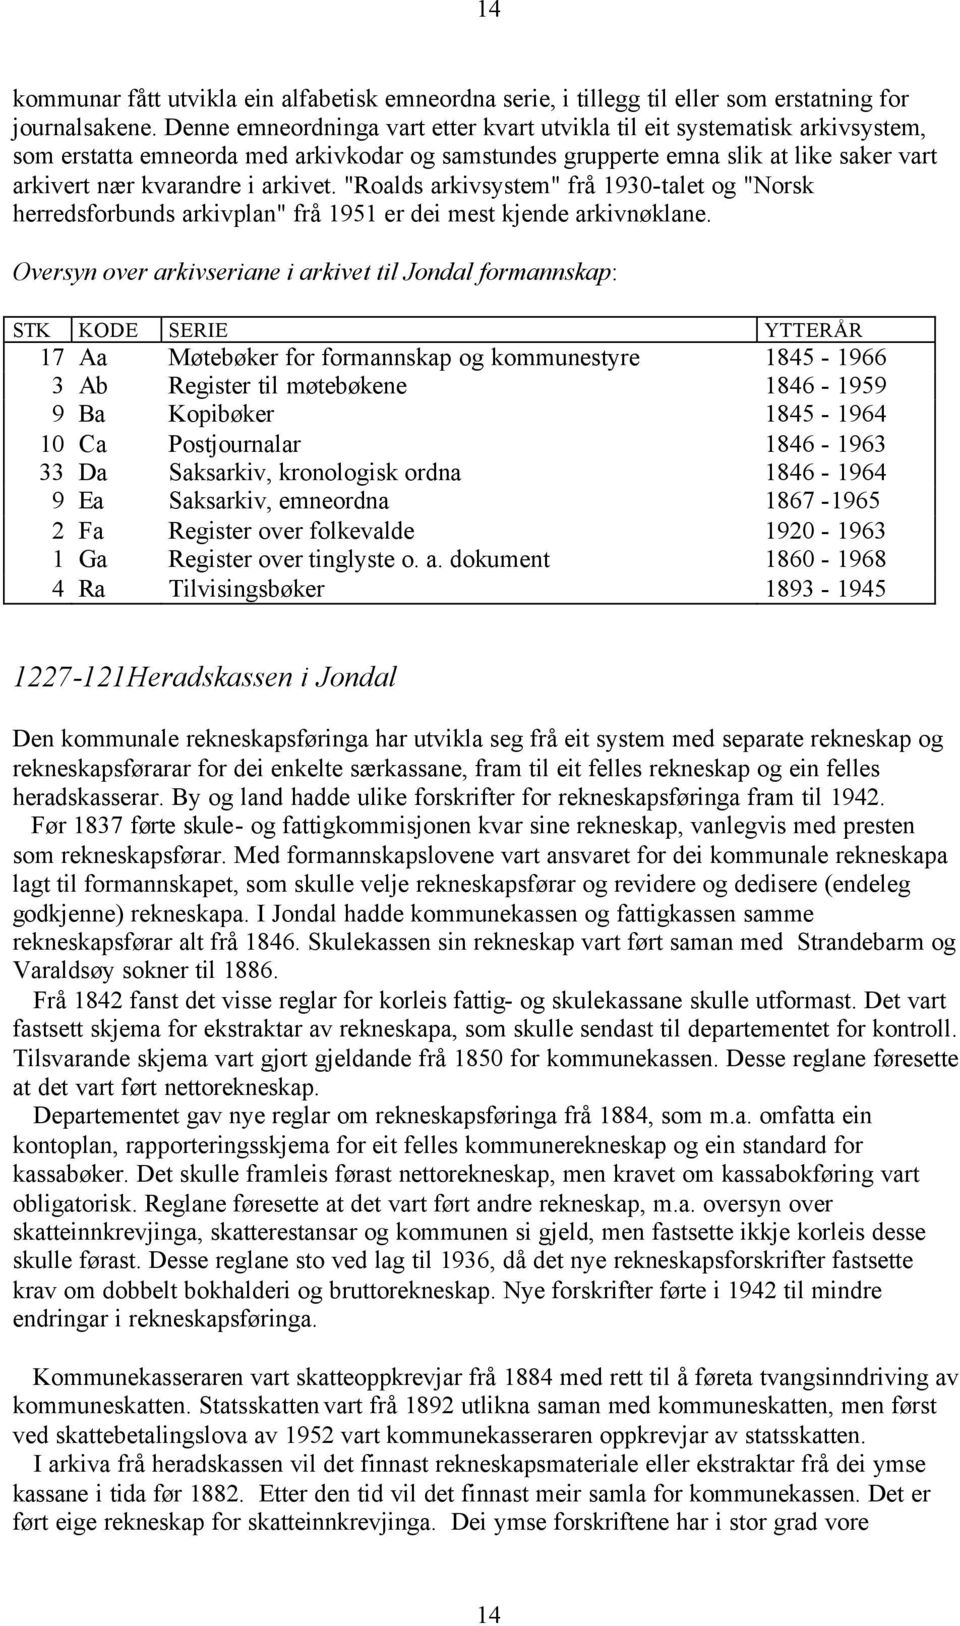 "Roalds arkivsystem" frå 1930-talet og "Norsk herredsforbunds arkivplan" frå 1951 er dei mest kjende arkivnøklane.
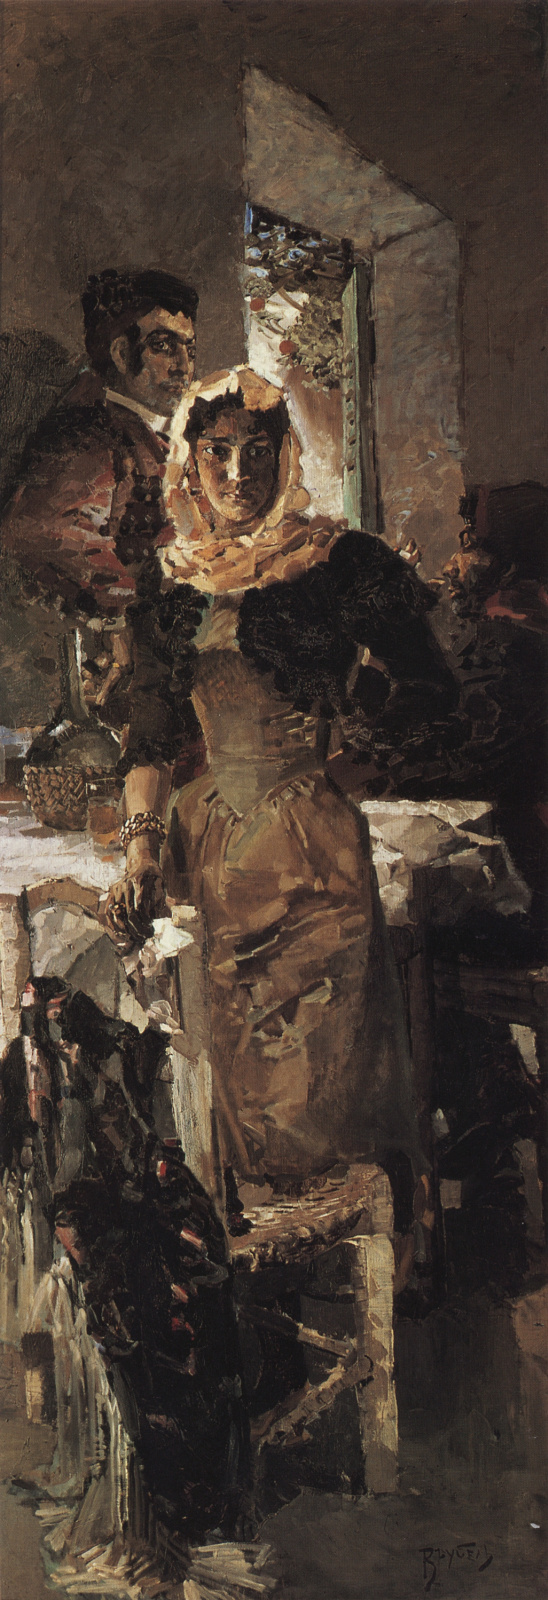 John Singer Sargent Viejo hombre en turbante blanco, 1891, 51×59 cm:  Descripción de la obra
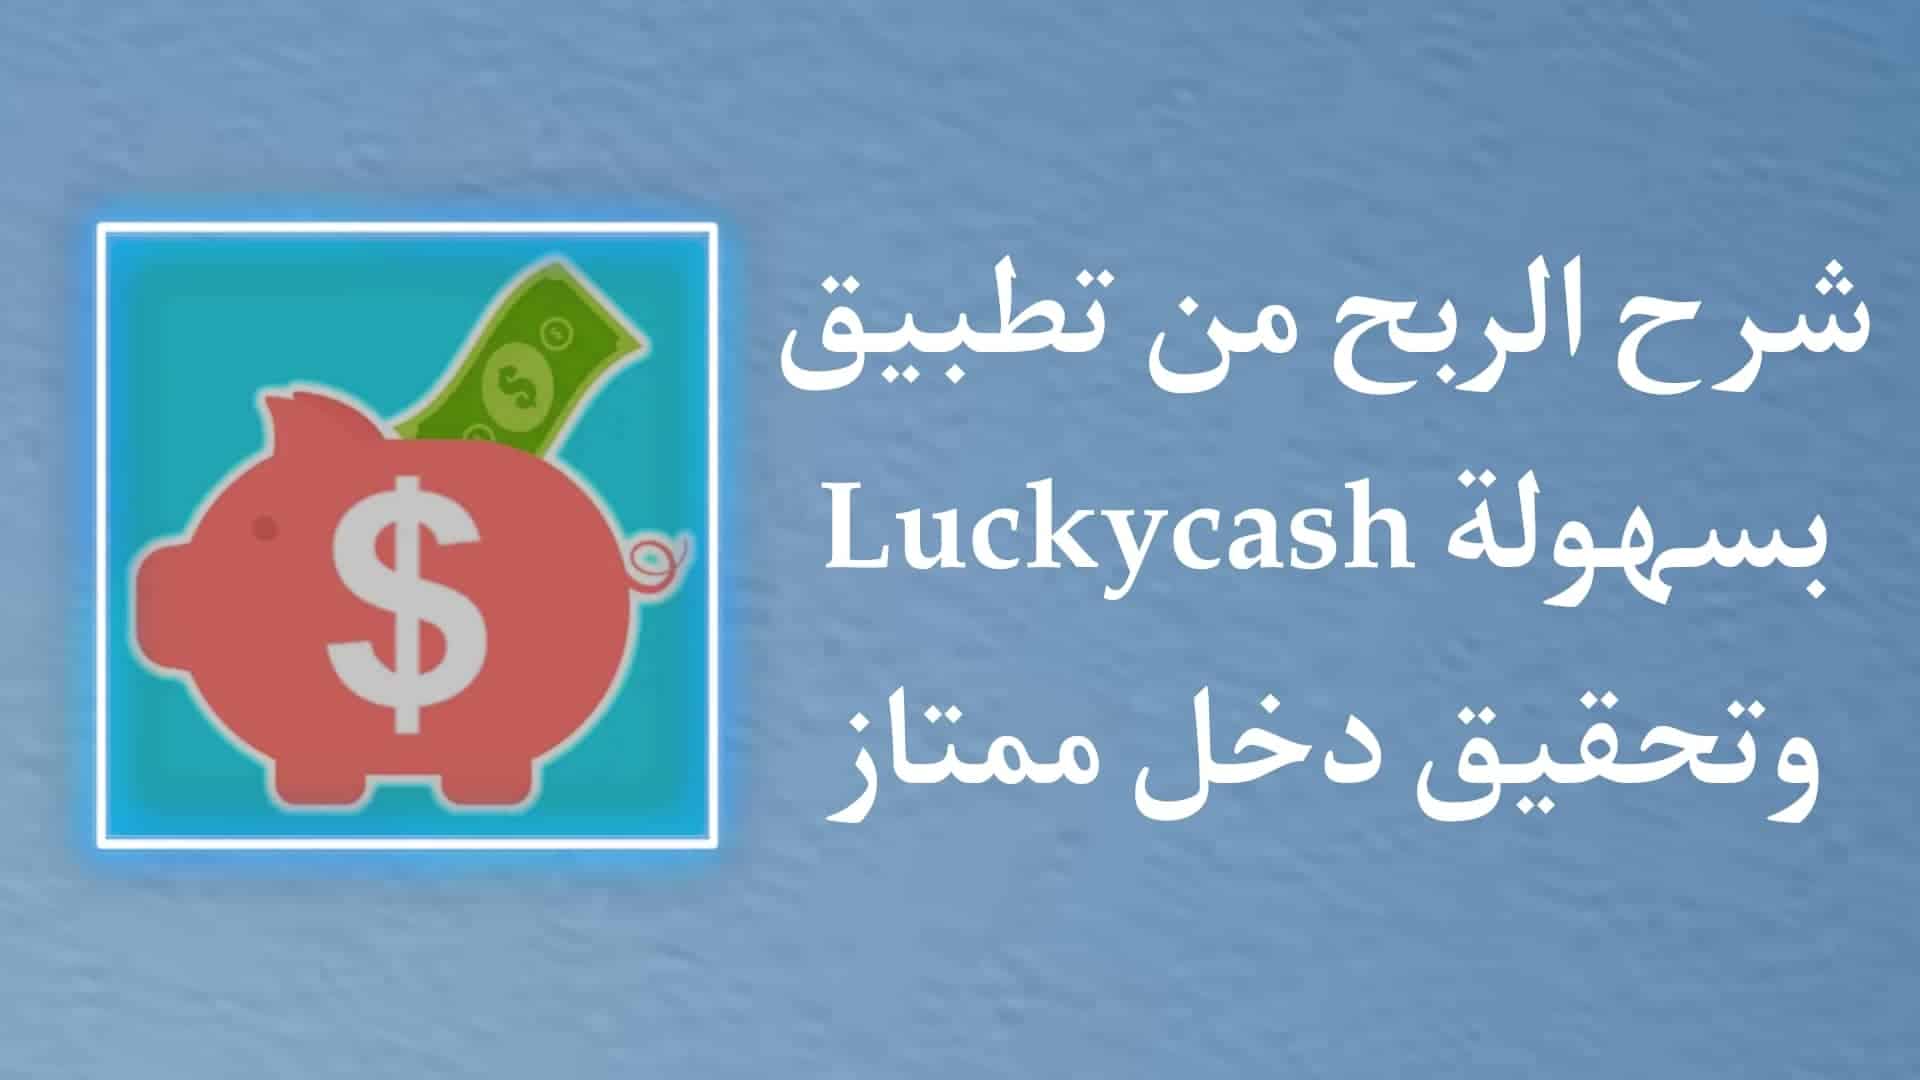 الربح من تطبيق LuckyCash - افضل تطبيقات الربح صادقة
------------------------------------
→ PROBLEM DETAILS
From the line that contains "John Singer Sargent" to the last line of the data above, inclusive, transcribe every line exactly and only those lines, omitting pictures.

→ RESULT OF THE TASK
 John Singer Sargent Viejo hombre en turbante blanco, 1891, 51×59 cm:  Descripción de la obra
 الربح من تطبيق LuckyCash - افضل تطبيقات الربح صادقة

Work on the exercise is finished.